The culmination of over a century’s work to understand the role of the immune system in tumor control has led to the recent advances in cancer immunotherapies that have resulted in durable clinical responses in patients with a variety of malignancies. Cancer immunotherapies are rapidly changing traditional treatment paradigms and expanding the therapeutic landscape for cancer patients. However, despite the current success of these therapies, not all patients respond to immunotherapy and even those that do often experience toxicities. Thus, there is a growing need to identify predictive and prognostic biomarkers that enhance our understanding of the mechanisms underlying the complex interactions between the immune system and cancer. Therefore, the Society for Immunotherapy of Cancer (SITC) reconvened an Immune Biomarkers Task Force to review state of the art technologies, identify current hurdlers, and make recommendations for the field. As a product of this task force, Working Group 2 (WG2), consisting of international experts from academia and industry, assembled to identify and discuss promising technologies for biomarker discovery and validation.
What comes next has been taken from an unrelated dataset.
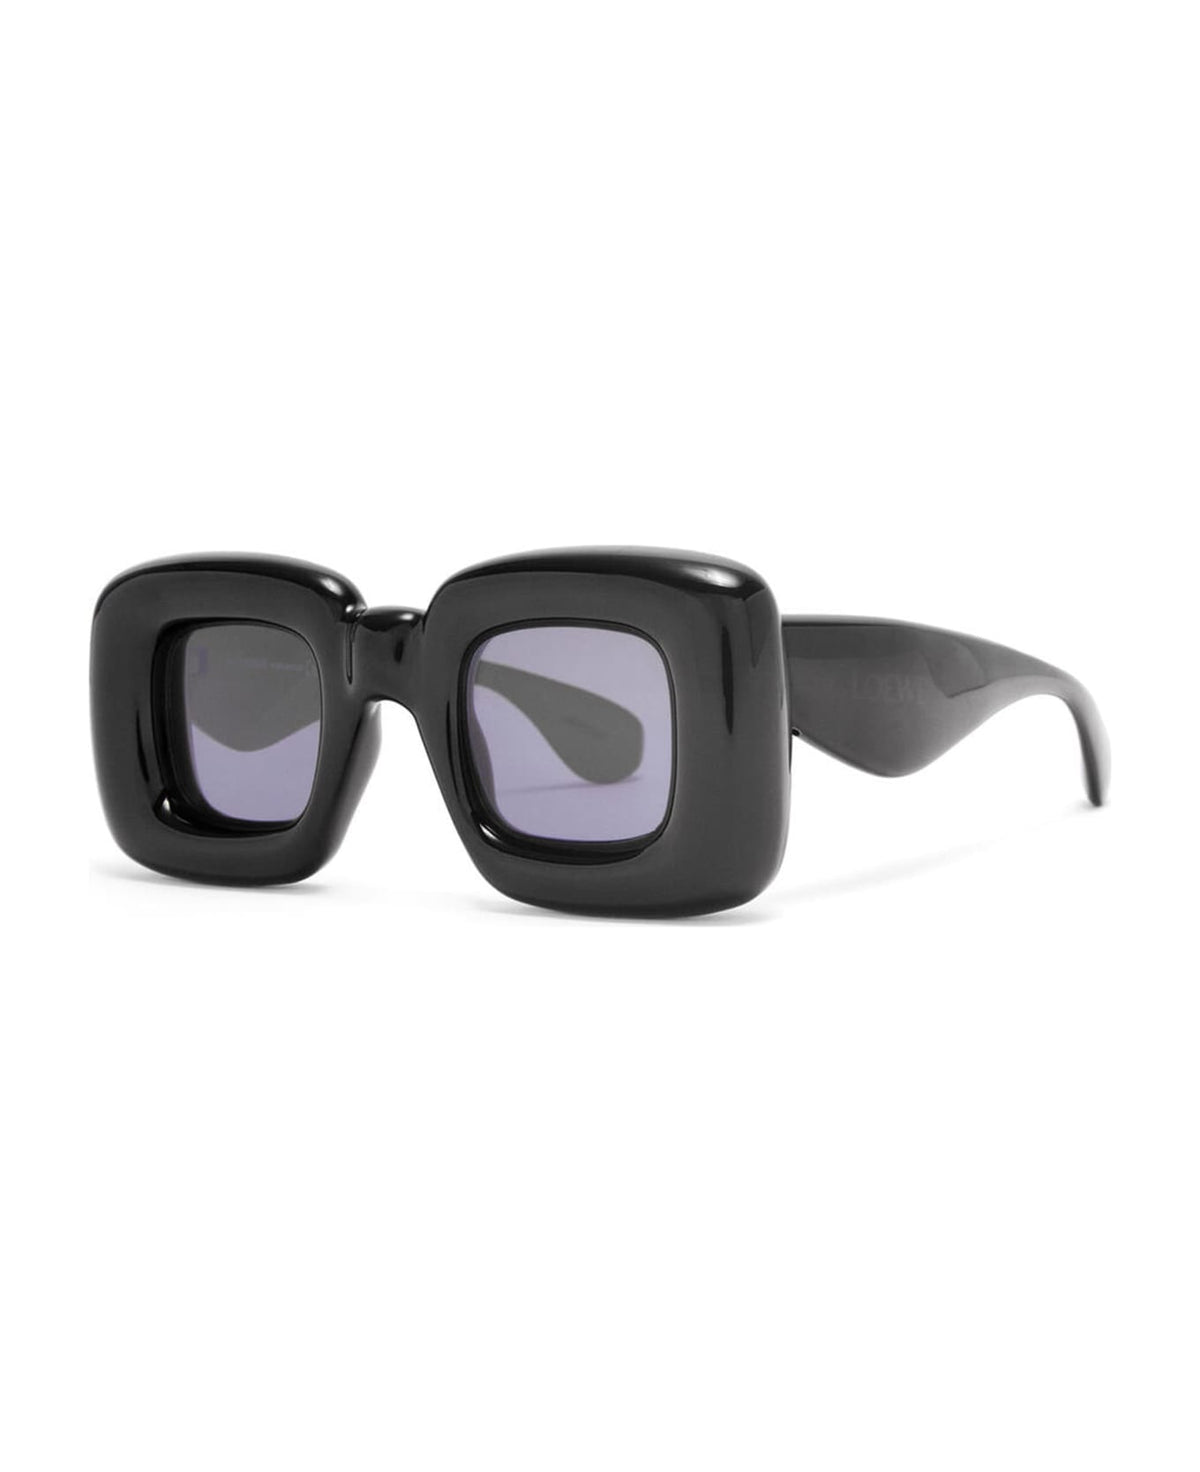 Lw40098i - Black Sunglasses
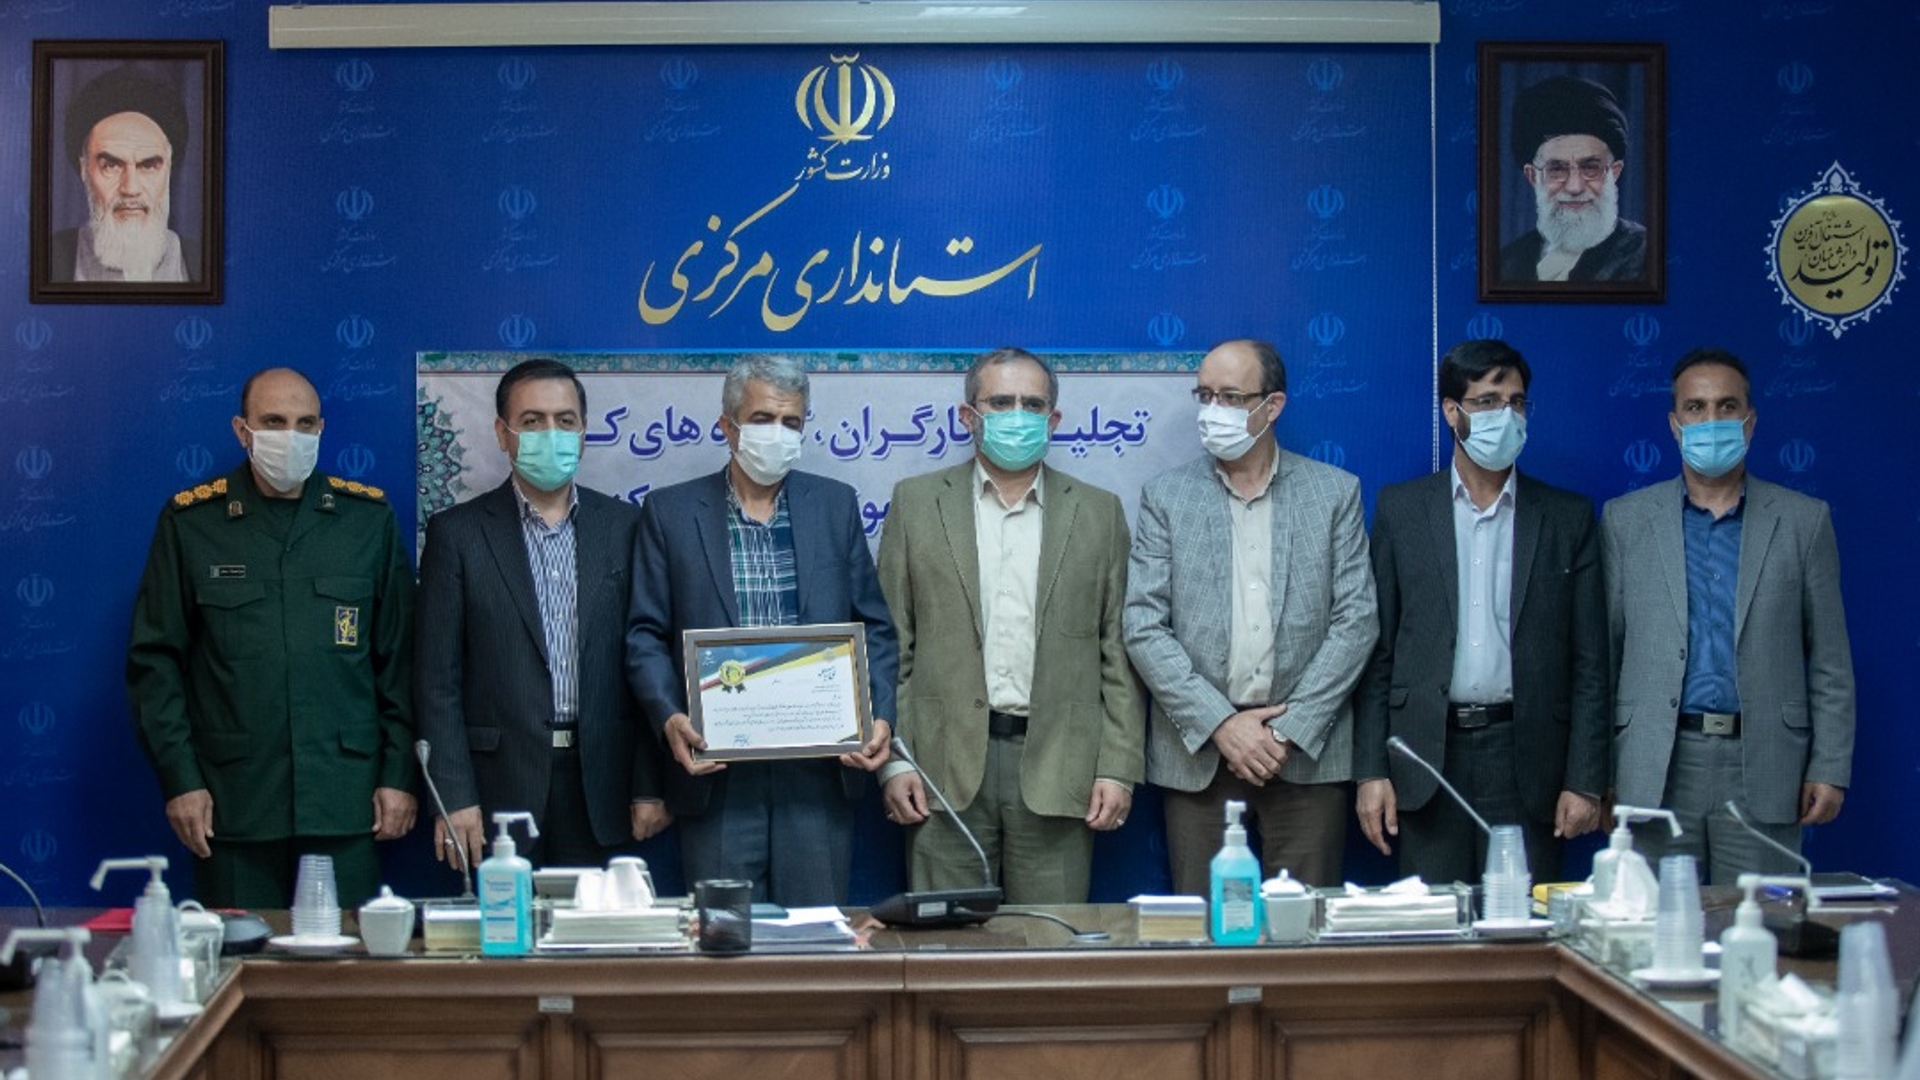 نشست صمیمی استاندار مرکزی با تشکل های کارگری و کارفرمایی به مناسبت هفته جهانی کار و کارگر

Thus, this WG2 consensus paper will focus on the current status of emerging biomarkers for immune checkpoint blockade therapy and discuss novel technologies as well as high dimensional data analysis platforms that will be pivotal for future biomarker research. In addition, this paper will include a brief overview of the current challenges with recommendations for future biomarker discovery.

Highlights

  • The role of the immune system in cancer control has been debated for over a century

  • A high frequency of Melan-A or NY-ESO-1 specific CD8+ T cells were detected in melanoma and prostate cancer patients who showed a clinical response to anti-cytotoxic T lymphocyteassociated antigen 4 (CTLA-4) therapy [55, 59]

  • programmed cell death ligand 1 (PD-L1) expression on tumor-infiltrating immune cells was significantly associated with clinical response in non-small cell lung cancer (NSCLC) patients treated with atezolizumab [28]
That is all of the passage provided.